Adrian Morales, better known as Yo Adrian after dark, could be found behind the DJ booth up to five nights a week at San Jose bars and clubs for the past six years.

Supplementing his work in the Milpitas public school system, Morales said the money he earned from playing clubs allowed him to live comfortably and save — especially with a three-year-old daughter in the increasingly pricey South Bay.

“I posted (online) a couple months before COVID hit that DJing was going to help me buy a house one day,” Moralez said. “Not being able to get that extra money, it’s been tough.”
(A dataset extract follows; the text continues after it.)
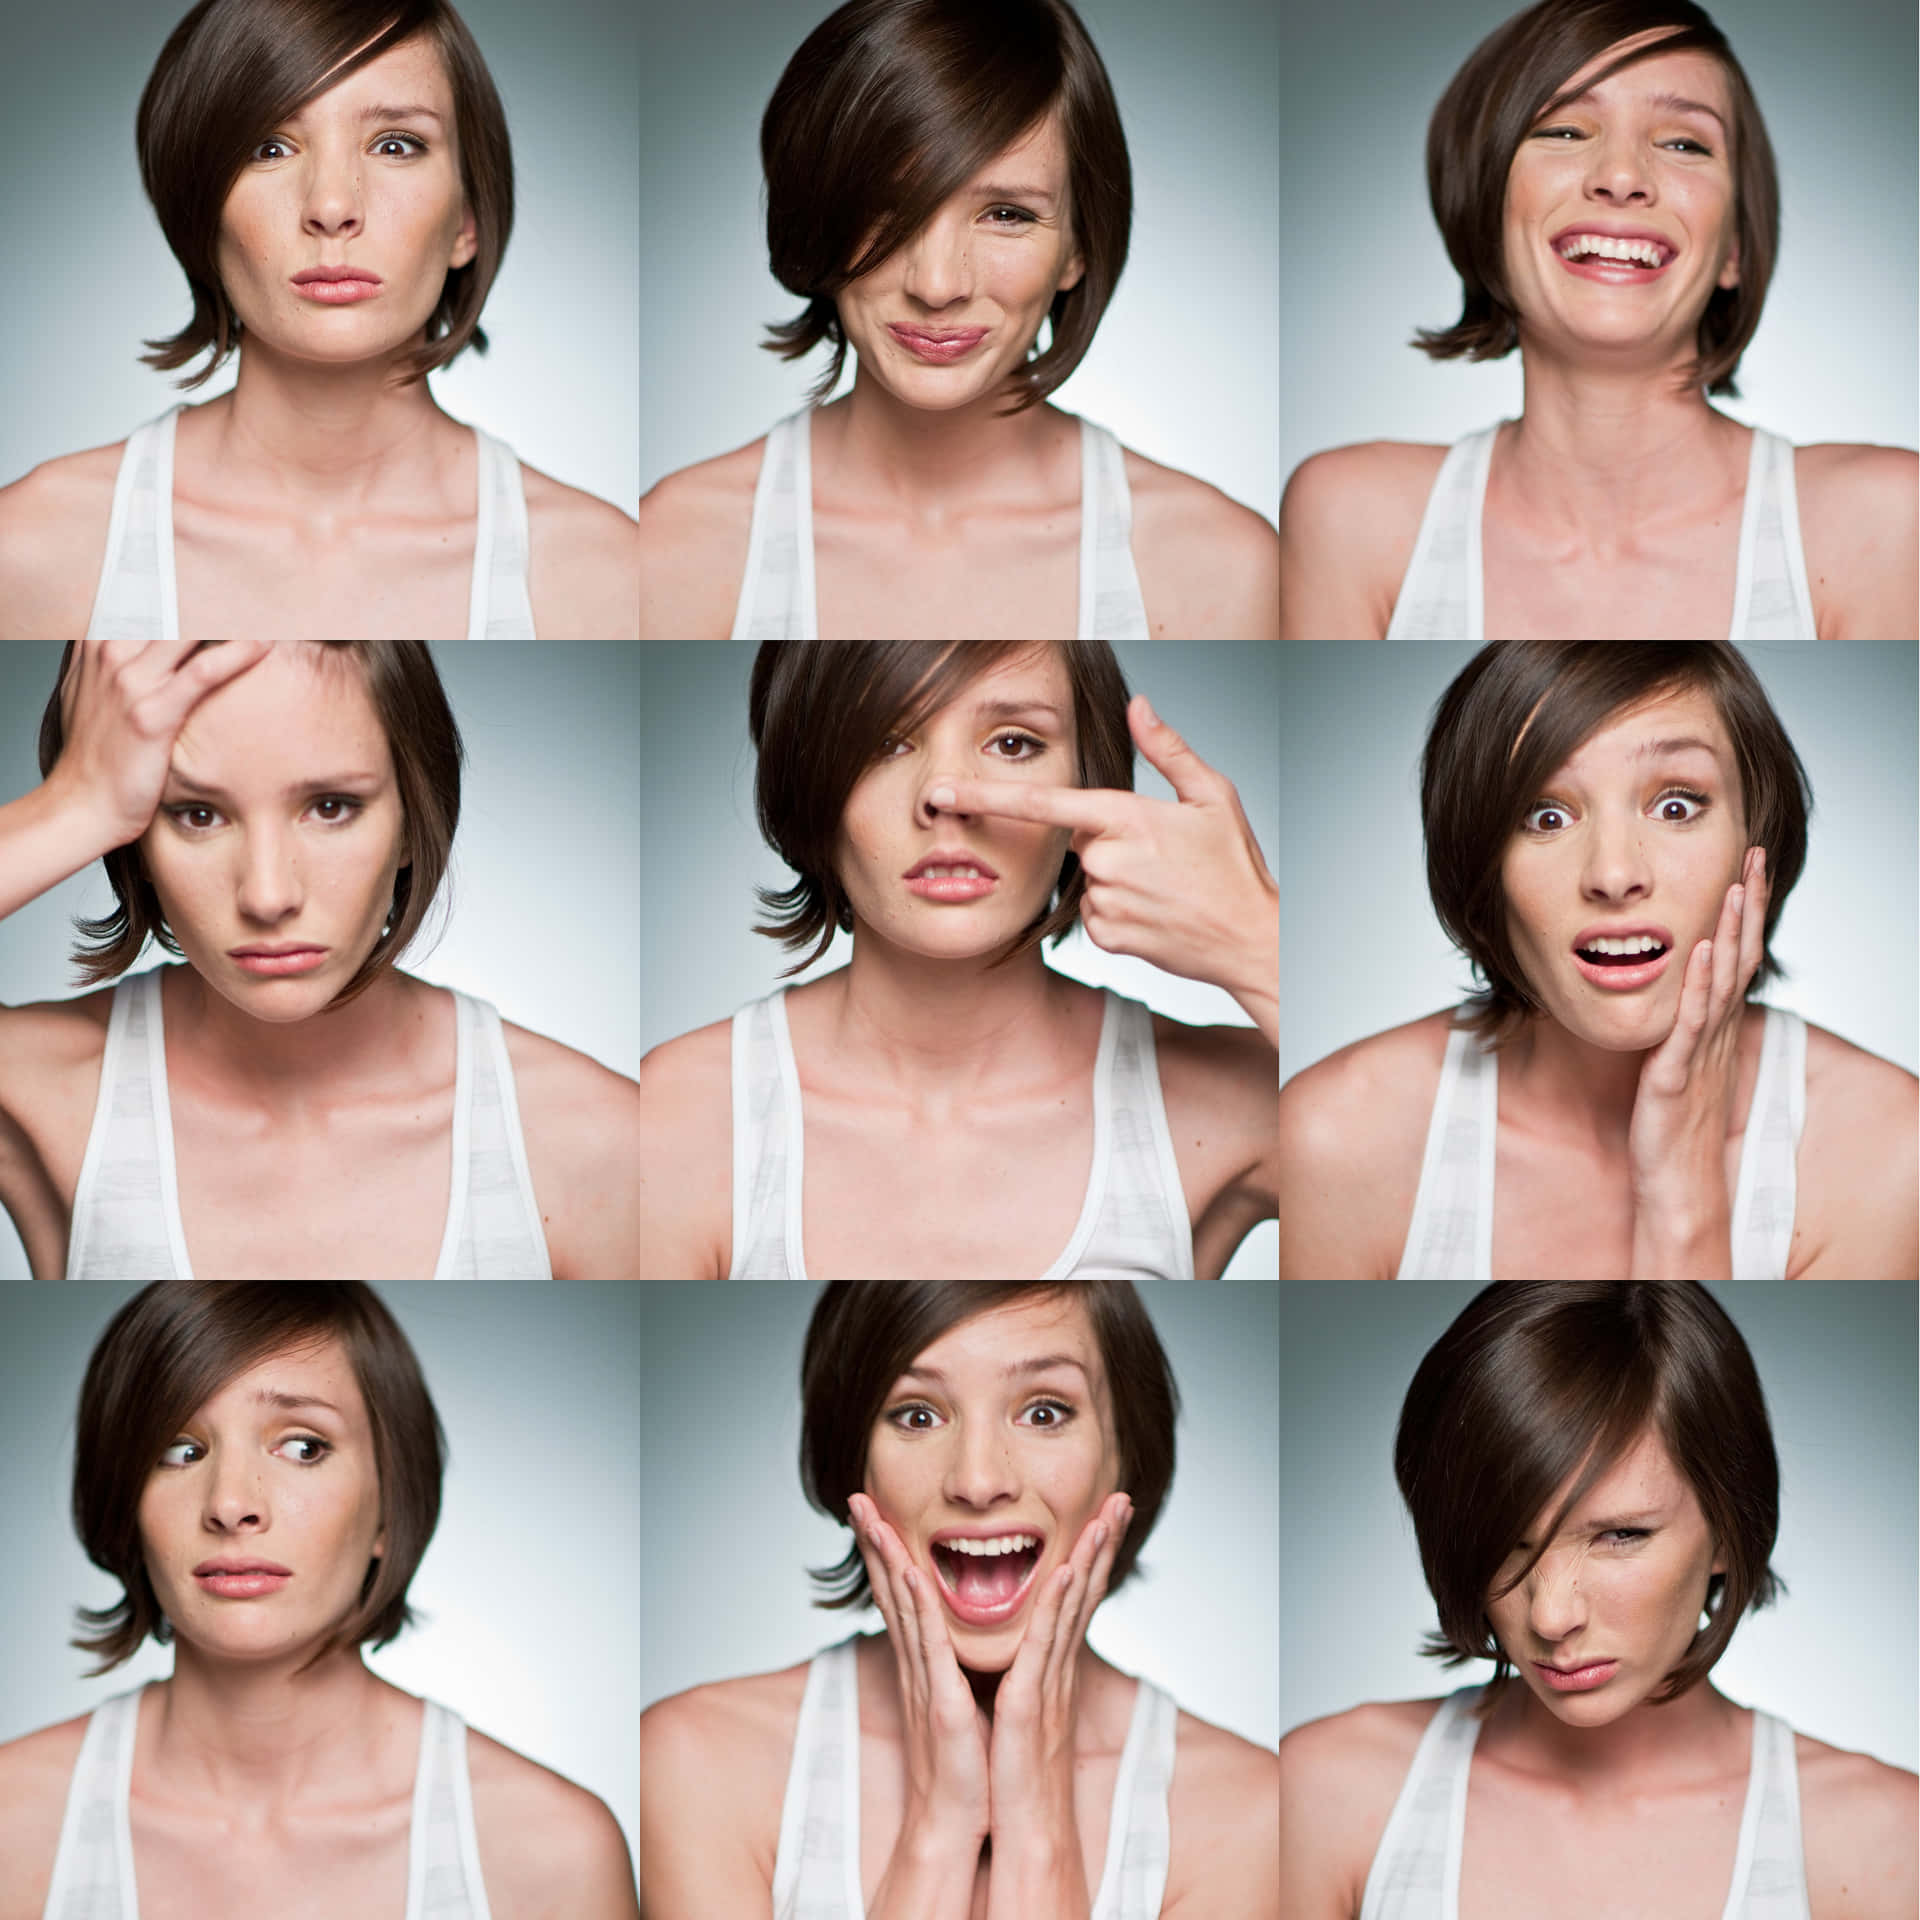 Einefrau In Verschiedenen Posen Mit Unterschiedlichen Gesichtsausdrücken

Adrian Morales, known as Yo Adrian, is a DJ who has been out of work at nightclubs since March. Photo courtesy of Adrian Morales.

Aside from the few gigs he could book at masked, socially-distanced outdoor businesses, such as Rosie McCann’s Irish Pub on Santana Row, he said the public health shutdown flipped the entertainment business 180 degrees. He estimated only 10% of San Jose venues have outside work opportunities to offer.

“The days of packed houses with sweaty bodies everywhere — it’s not here anymore and who knows if it will ever return at all,” Morales said.

Morales said he’s able to stretch his savings but still worries about relying on one job until venues reopen.

Unfortunately, local venues will be closed for a while. Santa Clara County’s COVID-19 status is widespread — the highest option — with more than seven new daily cases per 100,000 and an 8% positivity rate.

In the meantime, a financial bump from the federal or state government would help alleviate stress for everyone in the entertainment industry, Morales and other business owners say.

“People in the gig economy, people that work in nightlife, people that make their money off entertainment, we’re left in the dark a lot,” Morales said. “You hope that (people) have savings or can find a shift in something else for the time being until some things return — who knows if they ever will.”